Another hypothesis states that subjective doubles is result of hyper-identification, linked to over-activity in certain areas of the brain, thereby causing the patient see familiar aspects of the self in strangers.
Some hypothesize that this delusion is a result of facial processing deficiencies, as it has seemingly similar symptoms of prosopagnosia; however, it must be noted that recognition of most faces are is impaired in this delusion. Facial processing deficiencies also do not account for the occasion in which multiple doubles are reported.
Another hypothesis is that a "disconnection" between the right and left hemispheres may cause the delusional symptoms. This hypothesis relies heavily on the theory of lateralization of brain function, or left brain vs. right brain theory. In this hypothesis, the inability of the right hemisphere to "check" the left hemisphere causes the individual to succumb to delusions of self-awareness created by the left hemisphere.
One hypothesis is that brain dysfunction (either due to physical damage or damage from an organic disorder) in the right hemisphere, temporal lobe, and/or bi-frontal lobes causes the delusion of subjective doubles.

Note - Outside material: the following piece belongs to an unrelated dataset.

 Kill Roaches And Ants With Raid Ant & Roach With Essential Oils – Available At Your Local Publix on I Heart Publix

Physical damage resulting in the subjective doubles delusion often includes, but is not limited to brain lesions or traumatic brain injury. Suspected organic causes of brain damage that may lead to subjective doubles include disorders such as epilepsy.
Because other mental illnesses are commonly co-morbid with subjective doubles syndrome, it is unknown whether these types of brain injuries are linked to the delusion or the additional mental illness. For example, right hemisphere brain damage is associated with schizophrenia, which is commonly reported with the delusion of subjective doubles.

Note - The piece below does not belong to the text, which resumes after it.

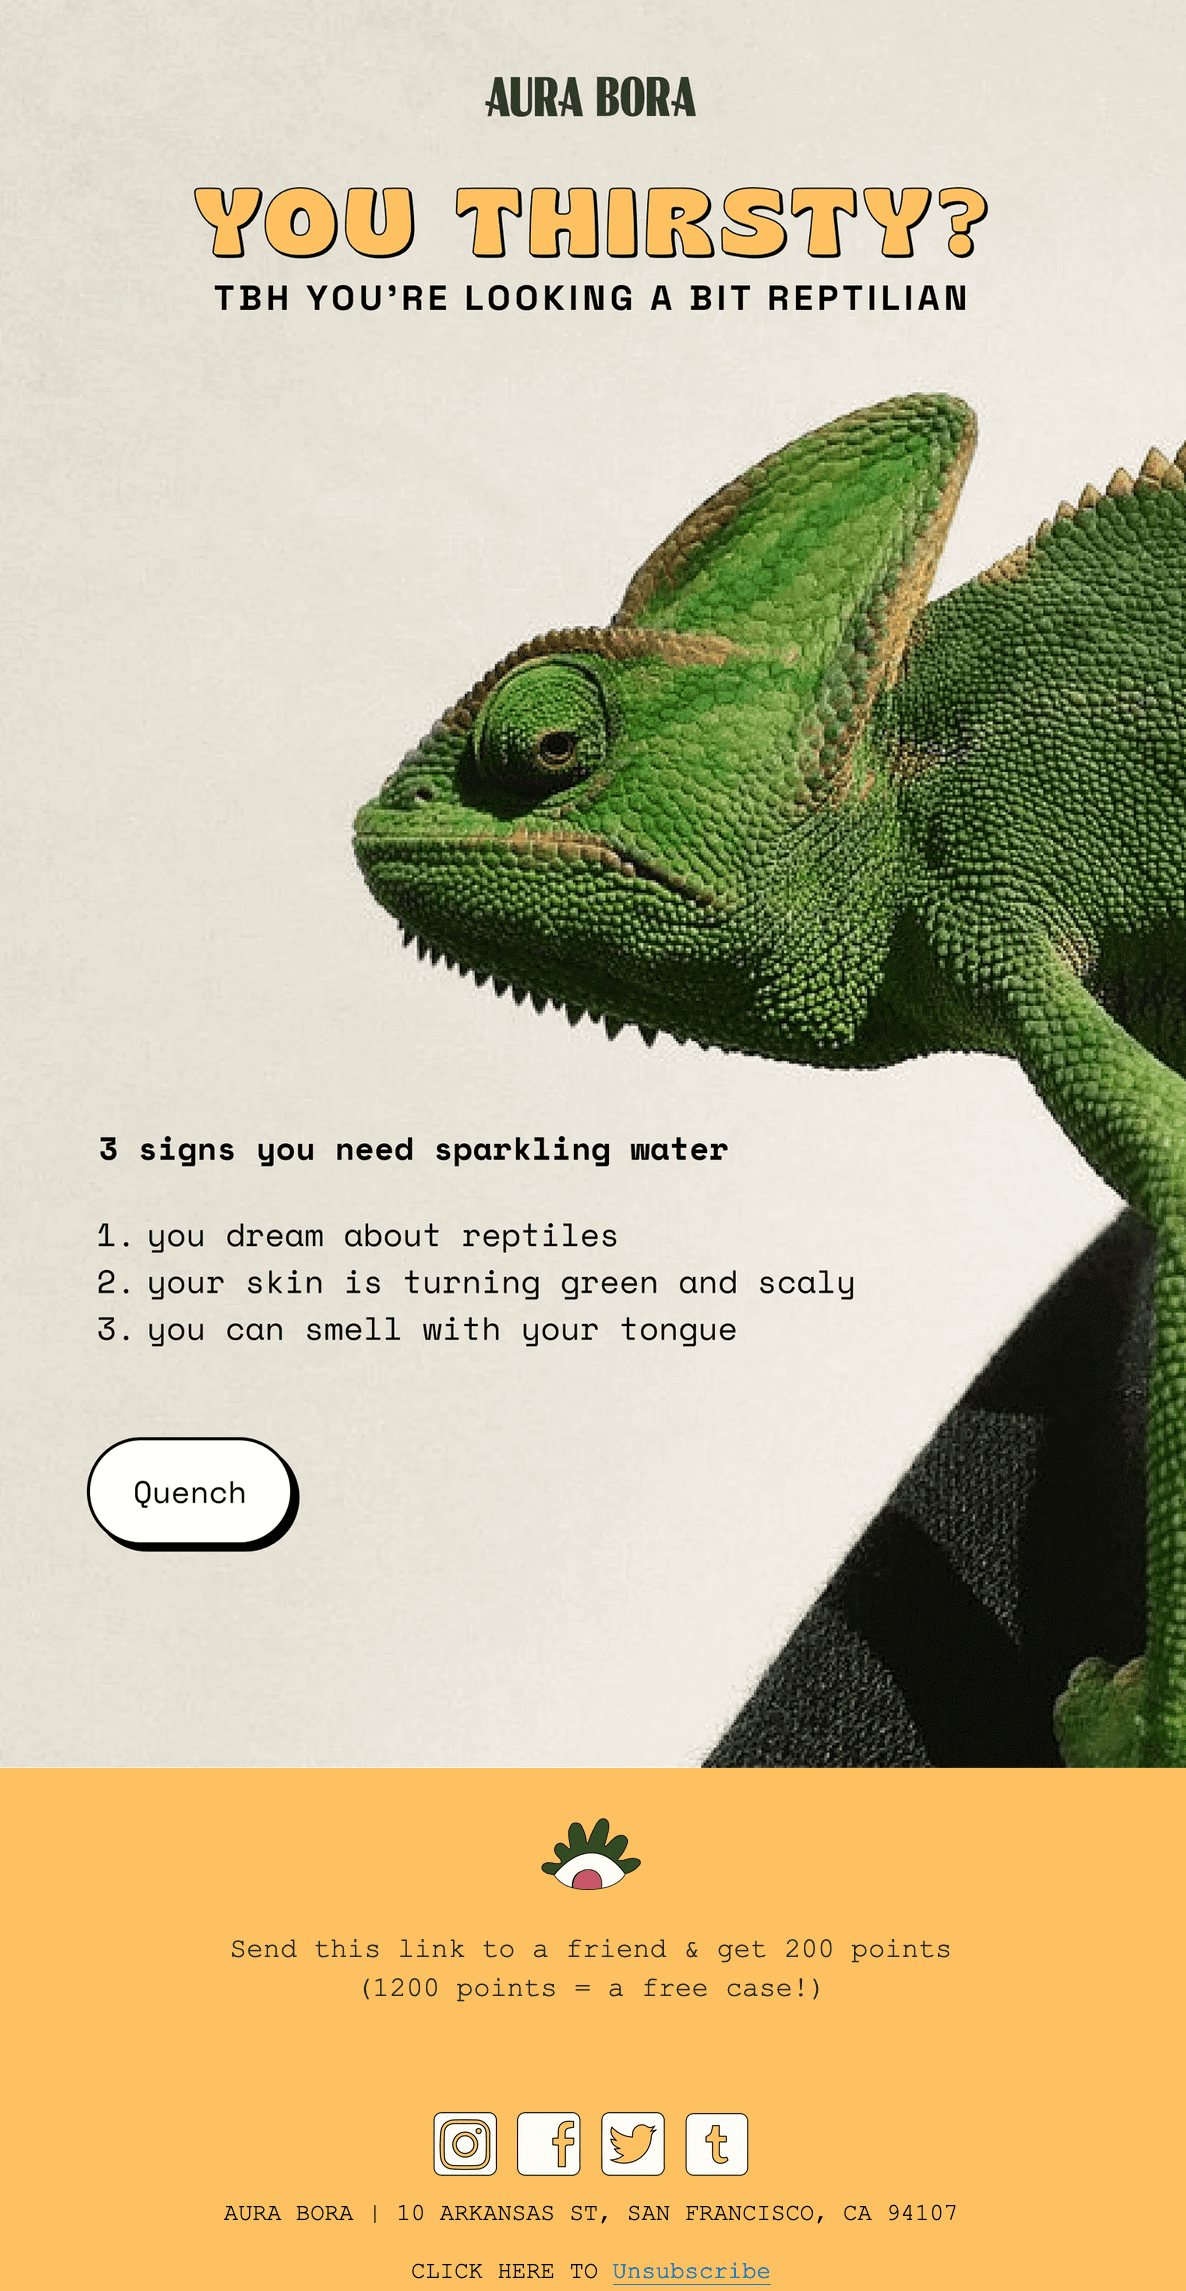 An email with a big photo of a chameleon and 3 signs that the reader needs sparkling water

A widely accepted treatment for the syndrome of subjective doubles has not been developed. Treatment methods for this disease sometimes include the prescription of antipsychotic drugs, however, the type of drug prescribed depends on the presence of other mental disorders. Antipsychotic drugs (also known as neuroleptics) such as risperidone, pimozide, or haloperidol may be prescribed to treat the underlying psychiatric illness.

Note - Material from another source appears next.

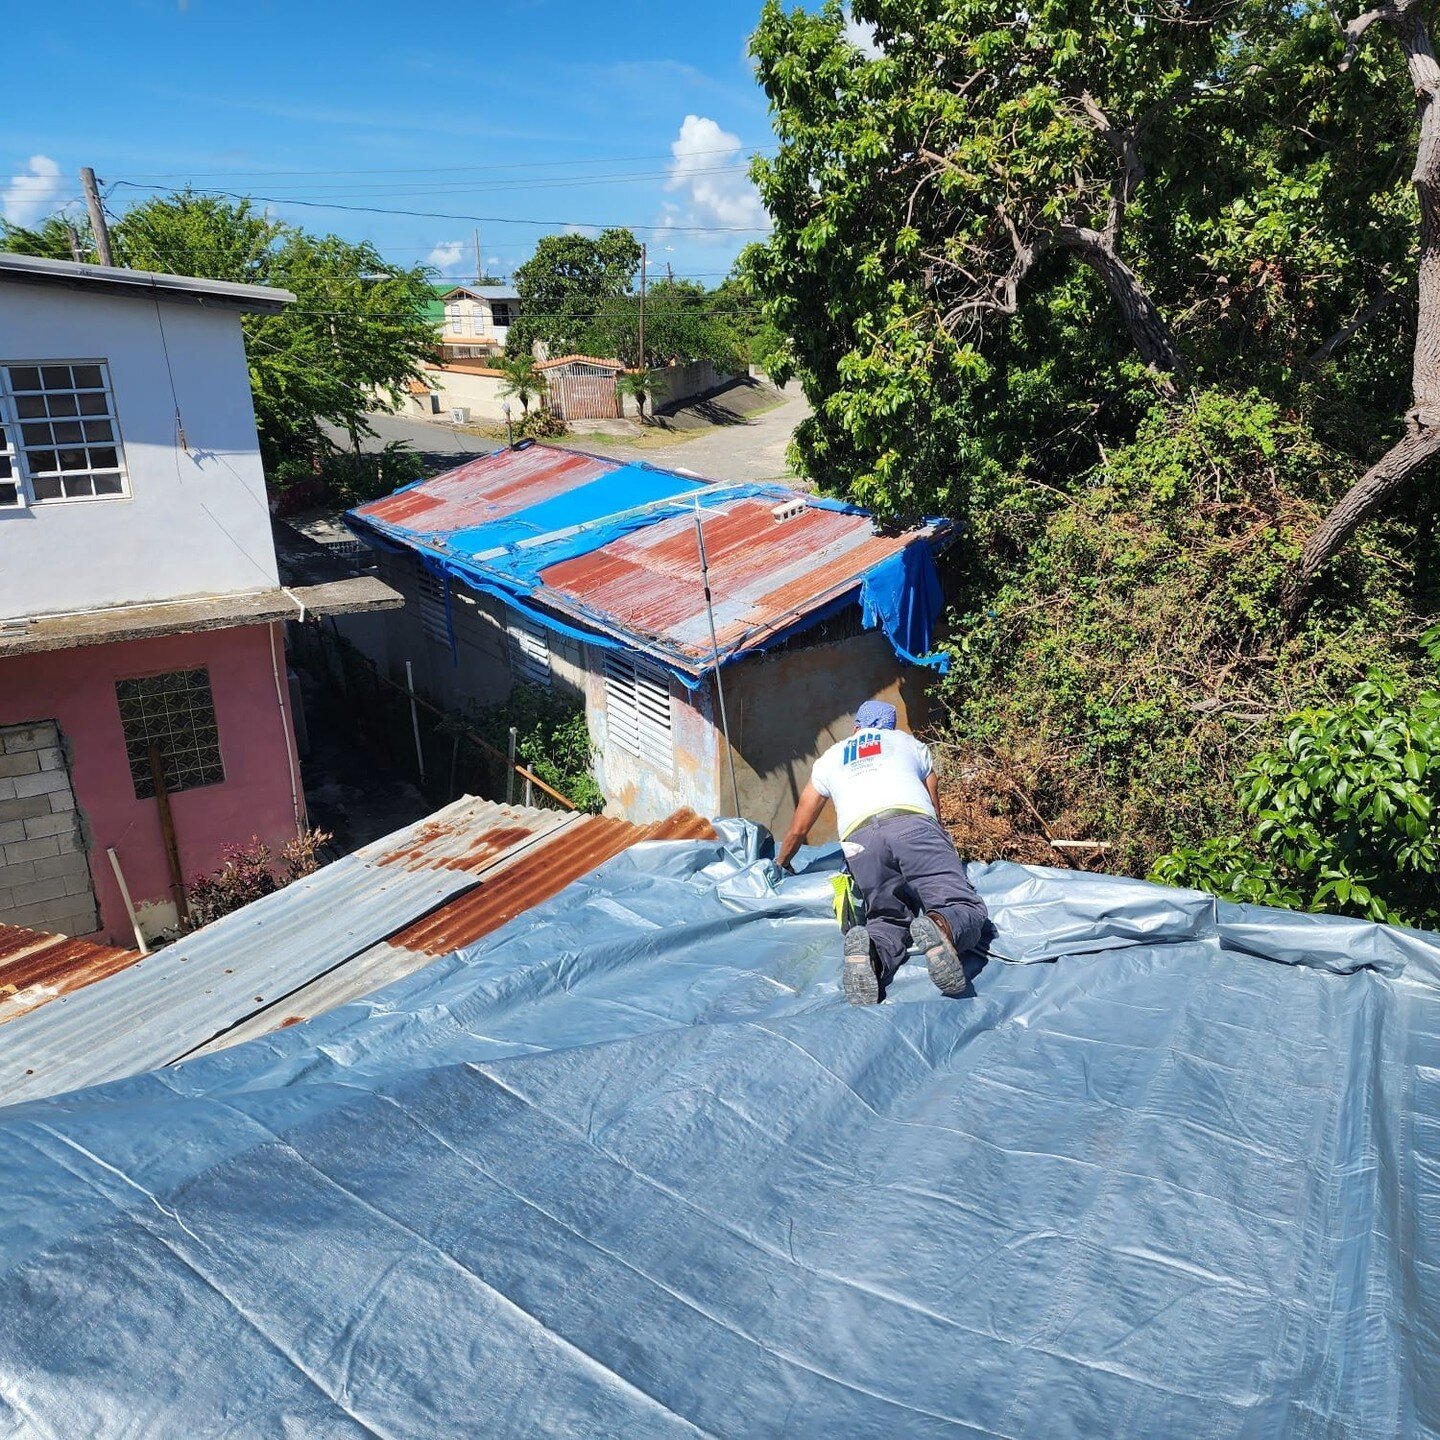 Thank you @JetBlue for getting our #highlyskilled volunteers to #PuertoRico to assess damaged homes and tarp/repair roofs of #firstresponders who are serving their communities and the homes of the community at large. We are grateful for all your supp

In addition to drug therapy, interpersonal counseling has also been suggested as a method to ease relations between the patient and his/her suspected doubles. However, the relationship between the patient and his/her double is not always negative.
Recovery from this syndrome is situational, as some drug therapies have been effective in some individuals but not others. Patients may live in a variety of settings, including psychiatric hospitals, depending on the success of treatment. With successful treatment, an individual may live at home. In many of the reported cases, remission of symptoms occurred during the follow-up period.
This disorder can be dangerous to the patient and others, as a patient may interrogate or attack a person they believe to be a double. Inappropriate behavior such as stalking and physical or psychological abuse has been documented in some case studies. Consequently, many individuals suffering from this disorder are arrested for the resulting misconduct (see the case of Mr. B in #Presentation).
Due to the rarity of this disorder and its similarities to other delusional misidentification syndromes, it is debated whether or not it should be classified as a unique disease. Because subjective doubles rarely appear as the only psychological symptom, it has been suggested that this syndrome is a rare presentation of symptoms of another psychological disorder. This syndrome is also not defined in the DSM-IV or ICD-10.
Additionally, some researchers use varying definitions of the syndrome. While most declare that the double is a physical copy that is psychologically independent, some refer to a definition of a double as being both physically and psychologically identical. This is also known as clonal pluralization of the self, another less common delusion that is grouped with the other delusional misidentification syndromes.